While considering these movies, it is important to keep in mind what 
Marxists call the "principal contradiction." The principal 
contradiction is between imperialism and those nations oppressed by 
it. Among other things, this means that even if a movie is 100% 
correct in terms of explicit and implicit ideological content, and 
popular, it isn't necessarily going to serve progress. Amerikans can 
take in a perfectly good and urgent movie about the environment, and 
regurgitate it as something that means blowing up or seizing oil 
fields in Muslim countries, and bashing East Asian countries and 
migrants.

"A.I." shows a future in which First Worlders may have put preserving 
imperialism before preserving the existing coastlines of imperialist 
countries, receding coastlines being the simplest way of visualizing 
the consequences of global warming. The opening narration explicitly 
says that First World coastal cities were lost (though people can 
still live somewhere in New Jersey, where the robot-making company 
Cybertronics is located), and that people were displaced, while many 
more in the Third World died because of climate change. Many cities 
important to First Worlders are located on coasts, in both the First 
World and the Third World, but the possibility that Amerikans will 
put preserving the imperialist system before keeping their own 
coastal cities as they are now cannot be ruled out. In the real 
world, Amerikans have already proved that they are willing to put 
their privilege and power before the survival chances of Homo 
sapiens by maintaining its stockpile of nuclear weapons and 
starting wars. That is all that really should have to be said on the 
topic of Amerikans' priorities in relation to the environment as 
Amerikans will take lesser risks. Ruining the atmosphere as in the 
backstory of the "Matrix" trilogy is not just a fantasy, unlike the 
development suggested by "Waterworld" (1995) where most of today's 
land will be under water. The highest claims put the sea level rise 
from global warming by the end of the 21st century at several meters, 
whereas the probability of ruining the atmosphere some time within 
the next hundred years is a not-insignificant 10% even if there is 
just a 0.1% chance of atmosphere-ruining nuclear weapons use each 
year (1 - (1 - 0.001)^100). A sea level rise would not instantly kill 
millions of people, but use of a nuclear weapon could. If MIWS sounds 
like some kind of Arab oil public relations campaign saying that, the 
real problem is that Amerikan nationalists have succeeded in getting 
people to separate the United $tates' nuclear weapons from other 
things in assessing environmental risks. Even the disease risks posed 
by global warming are a distraction in comparison with the potential 
for catastrophe posed by First World nuclear stockpiles; although, it 
isn't good for Amerikans to be worked up over nuclear weapons, and 
the issue is that the world's people need to focus on destroying U.$. 
imperialism.

No doubt, Amerikans want stability, the status quo. As long as 
nuclear weapons haven't made the planet uninhabitable for humyns or 
otherwise made the species go extinct, Amerikans may do things that 
prevent some climate change while keeping their living standards, but 
that is the extent of what may be expected.

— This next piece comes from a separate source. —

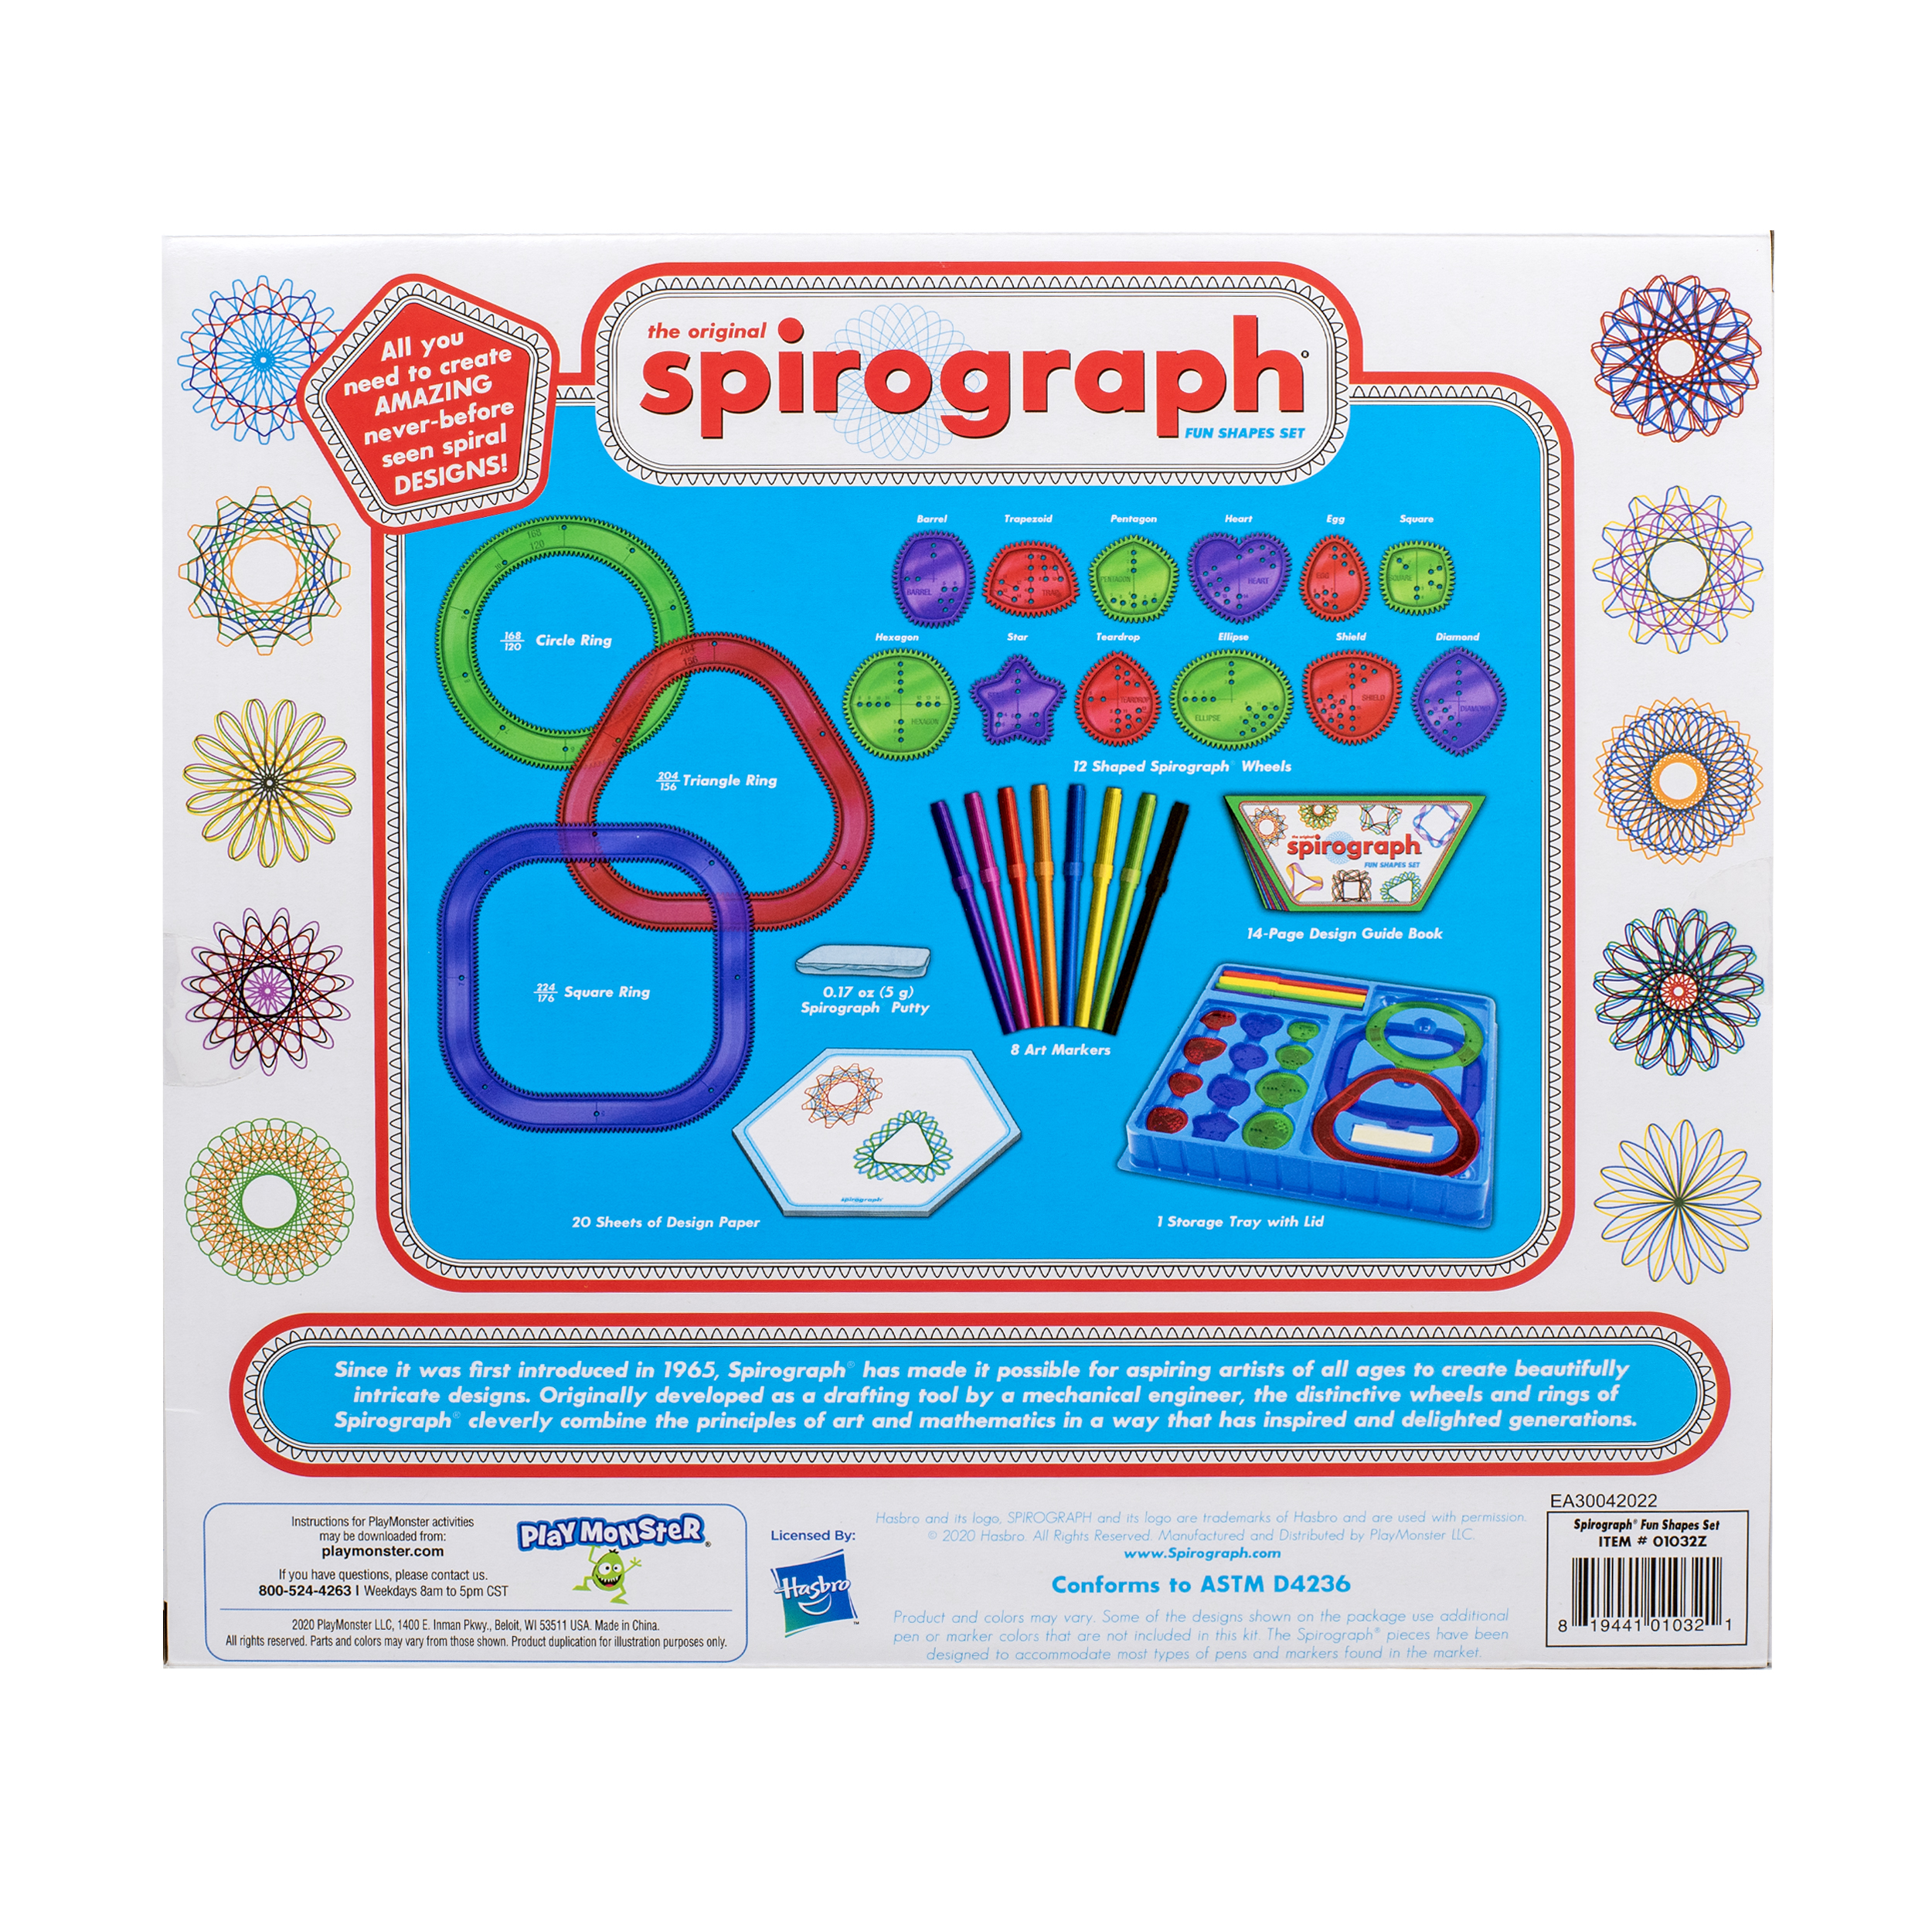 Original Spirograph - Toys for Tots Virtual Toy Box

Perhaps more important 
than flooded coastal cities in connection to melted polar ice is 
climate change resulting from the melted ice. Where Amerikan centrism 
is sustaining the Amerikan way of life for as long as possible, 
Amerikan centrism isn't the same thing as supporting the interests of 
the majority of humyns, not for survival or lesser concerns. Vague 
talk about Amerikans' taking leadership on environmental problems 
serves Amerikans' interests in any struggle, involving the 
environment or not.

"A.I." suggests that a dramatic sea level rise will not be prevented. 
The Amerikan couple in the movie have a large home and a lifestyle 
that are very high-income even for the United $tates today. At the 
same time, there is a reproduction law. As an environmental movie, 
the worst thing about "A.I." is to raise the topic of population 
control, going so far as to suggest in a more ambiguous part of the 
opening narration that First Worlders survived climate change because 
"most governments in the developed world introduced legal sanctions 
to strictly license pregnancies." Population control is supposed to 
be a solution to environmental problems and poverty. In reality, an 
economic system by which living standards in one place are connected 
to poverty and environmental problems in another place is the biggest 
obstacle to progress, not lack of population control. "A.I." implies, 
though, that Amerikans could be willing to have fewer children if 
they could keep their living standards. Thus, "A.I." suggests 
Amerikans' priorities outside the context of an imminent event 
bringing together nations and classes (where supposedly Amerikans 
would put unity against a threat to the species before the narrow 
selfish concerns of a minority). The sea level has already risen at 
the beginning of the movie, and the movie tells a story involving 
social contradictions before and after a sea level rise. In the real 
world, birth rates are decreasing in the First World. Children are an 
oppressed group, and privilege is connected to oppressing children, 
but a negative population growth rate of the First World is a 
tangible possibility whether by collective choice or not. "Voluntary 
Human Extinction" may be a joke, but a negative population growth 
rate is not. If Amerikans really could do without children, they 
could do without other things.

There do not need to be more problems or non-problems for Amerikans 
to think they can solve. At the same time, for Amerikans to think 
that they can keep their way of life in the face of environmental 
issues has its own reactionary implication. For Amerikans, preventing 
climate change can mean bashing the Third World, but there is room 
for clinging to imperialist country privilege in the area of 
"adaptation" to climate change, as opposed to "prevention." One can 
know the facts about unavoidable and avoidable climate change and 
still pursue the preservation of First World living standards. While 
preventing anthropogenic climate change requires commitments to limit 
specific activities, the response to expected realized climate change 
could be anything, such as preparing to attack Third World countries 
perceived to be threats to imperialist countries that will be more 
vulnerable as a result of predicted climate change.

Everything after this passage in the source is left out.